In general, it was found that annual rainfall trend over Sharjah City is continuously decreasing over time. The rate of decrease in annual rainfall has accelerated to approximately −9.3 mm per decade (data of 1977–2014) in contrast to −3.2 mm per decade (data of 1937–1976). Most demarcating was the drawdown annual trend during 1986–2014 period of about −24 mm/decade. This annual decline in rainfall was mainly driven by clear successive drops in winter rainfalls suggesting an overall risk on water availability which can potentially drop by over 20% from the annual mean if the trend decline persists. In monthly rainfall trend tests, while most months showed nonsignificant trend, the months of April and March indicated a significant decreasing trend of rainfall. This finding is important because Sharjah City receives most of its rainfall during this period. In other words, any significant change in March and April rainfall may lead to long-term change in annual trends. Furthermore, analysis of monthly precipitation showed clear propagation of peak monthly rainfall at a rate of approximately 1 month per 2 decades. This notable persistent long-term change in the occurrence of peak rainfalls calls for further in-depth analysis of potential climate change issues and risks over Sharjah City.

The 10-year moving average analysis highlights the fact that rainfall patterns are characterized by long periods of droughts which are intercepted by extreme heavy rainfall events of short interval of recurrence. Frequency analysis potentially indicates that the extreme rainfall patterns are worsening. Fast Fourier Transform analysis implies that under changing climate the periodicity of high rainfall events is shifting toward low frequency. This is confirmed by the recurring flash flood witnessed in recent decades.

To sum up, analysis of long-term rainfall at Sharjah City shows a decreasing trend in rainfall and, in the light of present evidence, water resources preparedness, development, and management strategies under changing climate are recommended as a way forward for sustainability. Flood risk management must be also conceived as an integrated part of the strategic plans of the Emirate of Sharjah for climate changes adaptation and mitigation.
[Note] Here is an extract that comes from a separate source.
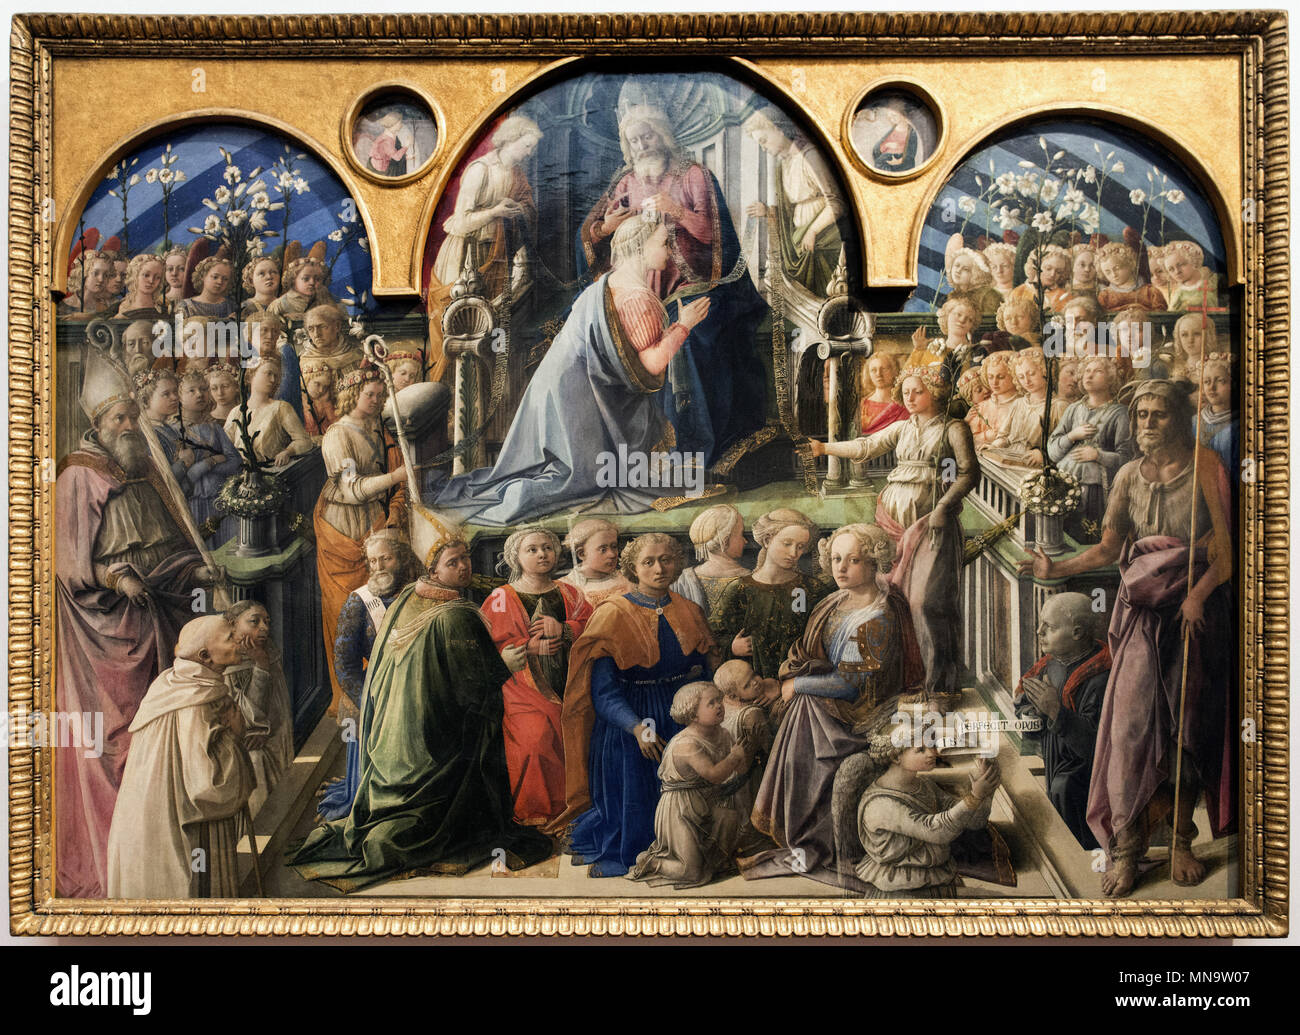 Filippo Lippi - Coronation of the Virgin - C. 1439 - Uffizi Gallery - Galleria degli Uffizi Stock Photo

Further, investigations and more comprehensive analysis of the impact of climate change in UAE using wider spectrum of temporal and spatial climatic data are strongly recommended.

Competing Interests

The authors declare that there are no competing interests regarding the publication of this paper.

Acknowledgments

The authors gratefully acknowledge funding support provided through the Sustainable Civil Infrastructure Systems (SCIS) Research Group and the Research Institute for Science and Engineering (RISE) of the University of Sharjah. The authors deeply appreciate the support of the Sharjah Aviation Authority and all its members at the Meteorologic Office for providing the valuable data and support that made this study possible.